Saturday, July 30, 2005

 

Do I know lounge singers, or just the future?

We've left the friendly confines of My Home Town for the weekend to attend B's family reunion up in Strange City. We find ourselves waiting in the bar of one of those funster chain restaurants, TGI SBWMI Friday's, I think is the name. (Thank God I'm Sitting in a Bar Waiting for My Inlaws on a Friday.)

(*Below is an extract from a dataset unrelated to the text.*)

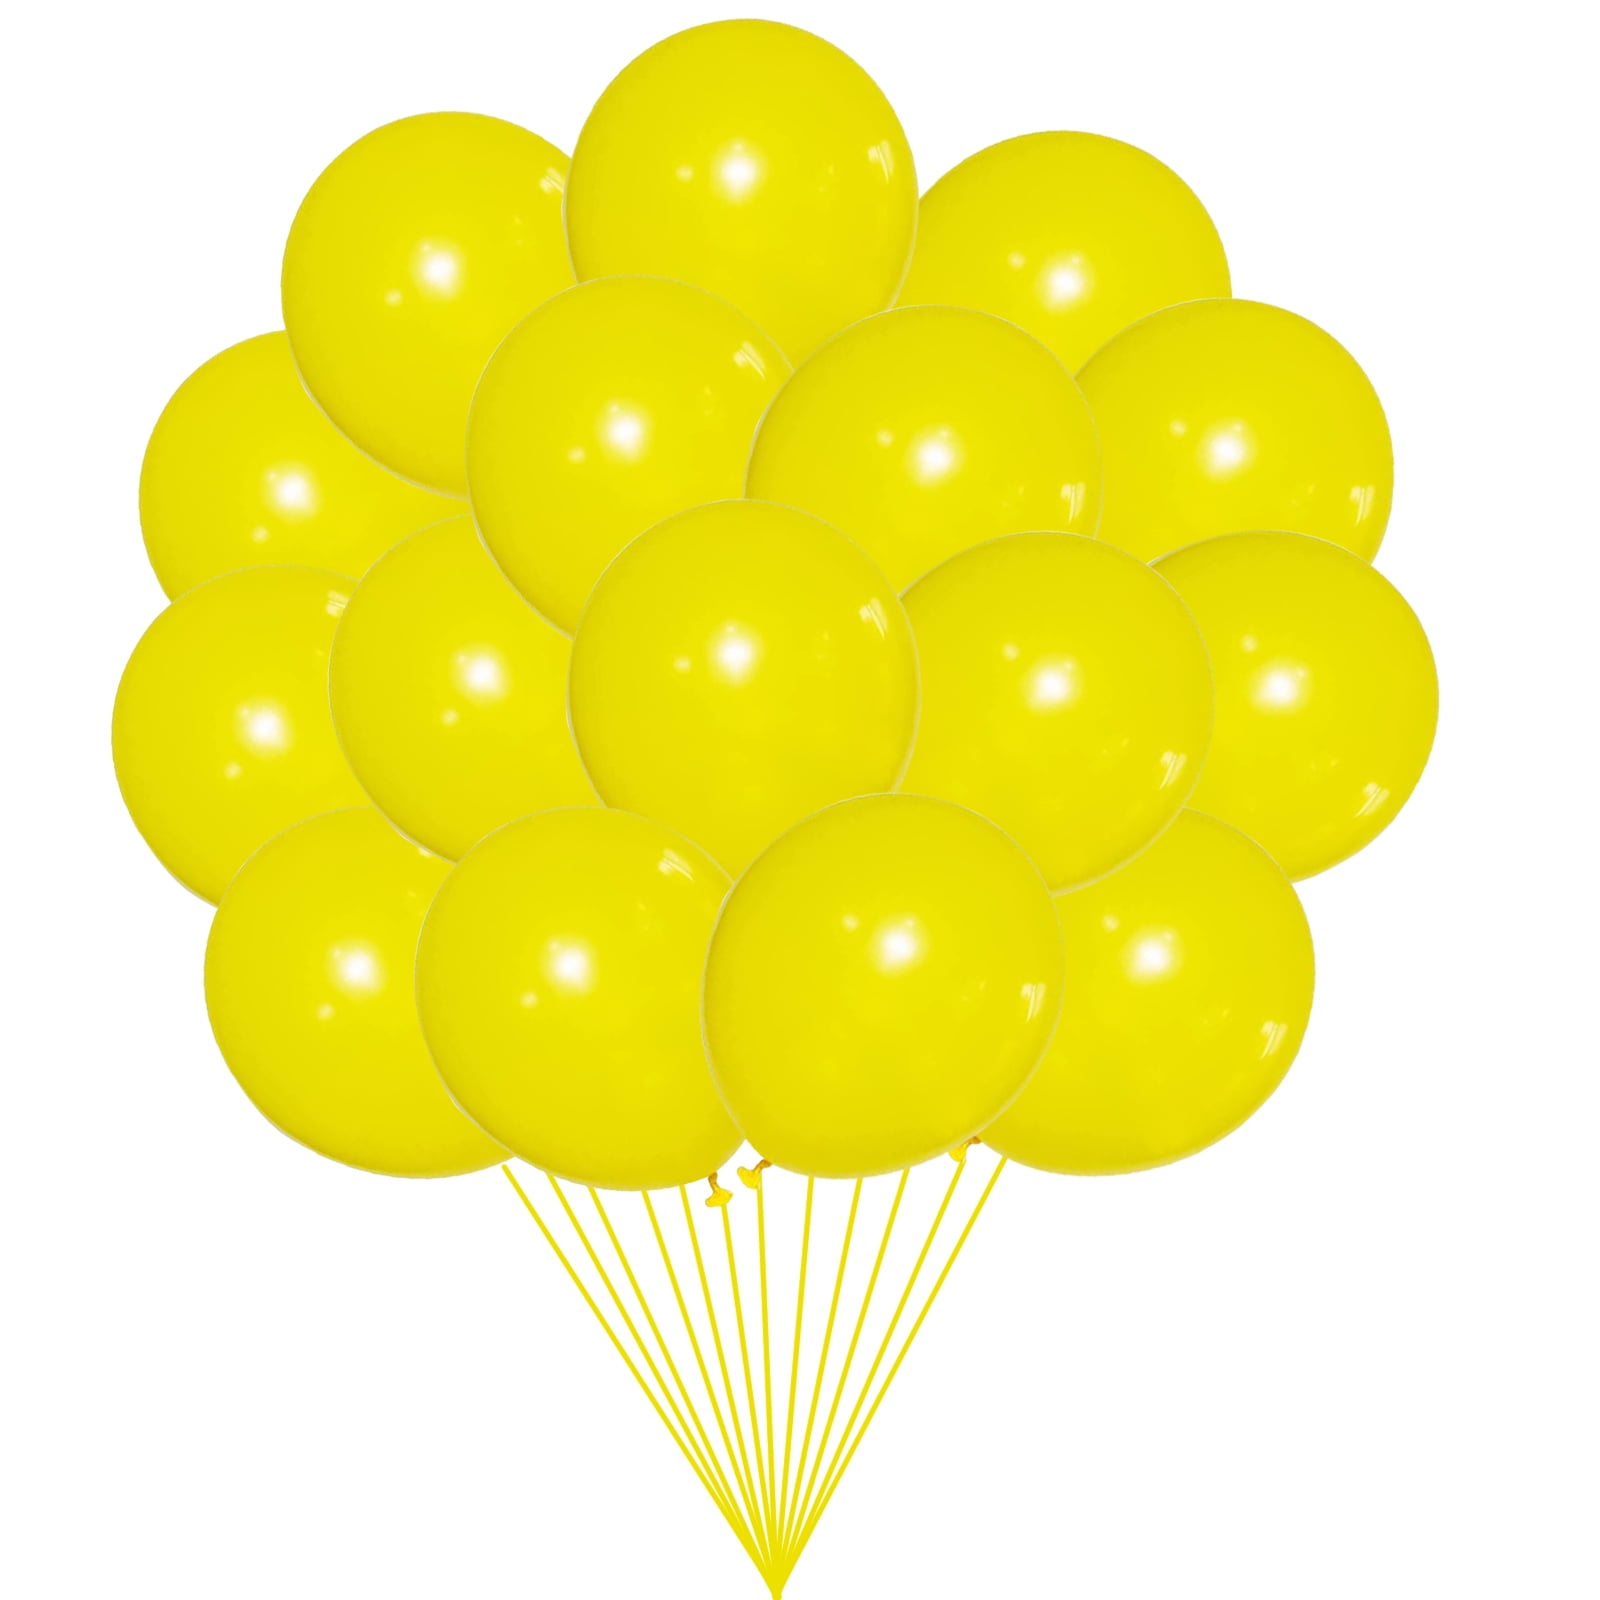 Balloon Ribbon  Car Lot Balloons - Auto Dealer Supplies

Just as we sit down, the lounge act -- a classic late 70s folk-pop cover "artist" with an acoustic guitar and a synthesizer -- wraps up Wastin' Away Again in Margaritaville. He warns that he'll be back for another set, and as he packs up, the bar's recorded music comes on with Van Morrison's Moondance. This dialogue ensues.
Oscar: Twenty bucks says he plays Moondance in his next set.
B: How do you know that?
Oscar: I know his entire repertoire.
B: From hearing him play one song?
Oscar: Okay, either Moondance or Brown Eyed Girl.
Fifteen minutes later, he's back. He opens the set with a langorous jazzy-blues two-chord progression: Doot ... dooooooo...doot ... doooooo...

Moondance.

Five songs later, Brown Eyed Girl.

Do I rule, or what?

**

Comments:
I think if you want lounge singers in bars of chain restaruants to have a more sophisticated repetoire, you'd have to convice the bar to pay them more than 50 dollars for the evening. For 50 (or 100 bucks, which is the usual going rate for a lounge act of that caliber), the fellow isn't going to learn or sequence any new songs. I know I wouldn't.

Which is why I was so surprised 20 or so years ago in a Holiday Inn (when those were still around) in Some Place Far Away From Home to find a trio doing most of Steely Dan - and quite admiriably, too.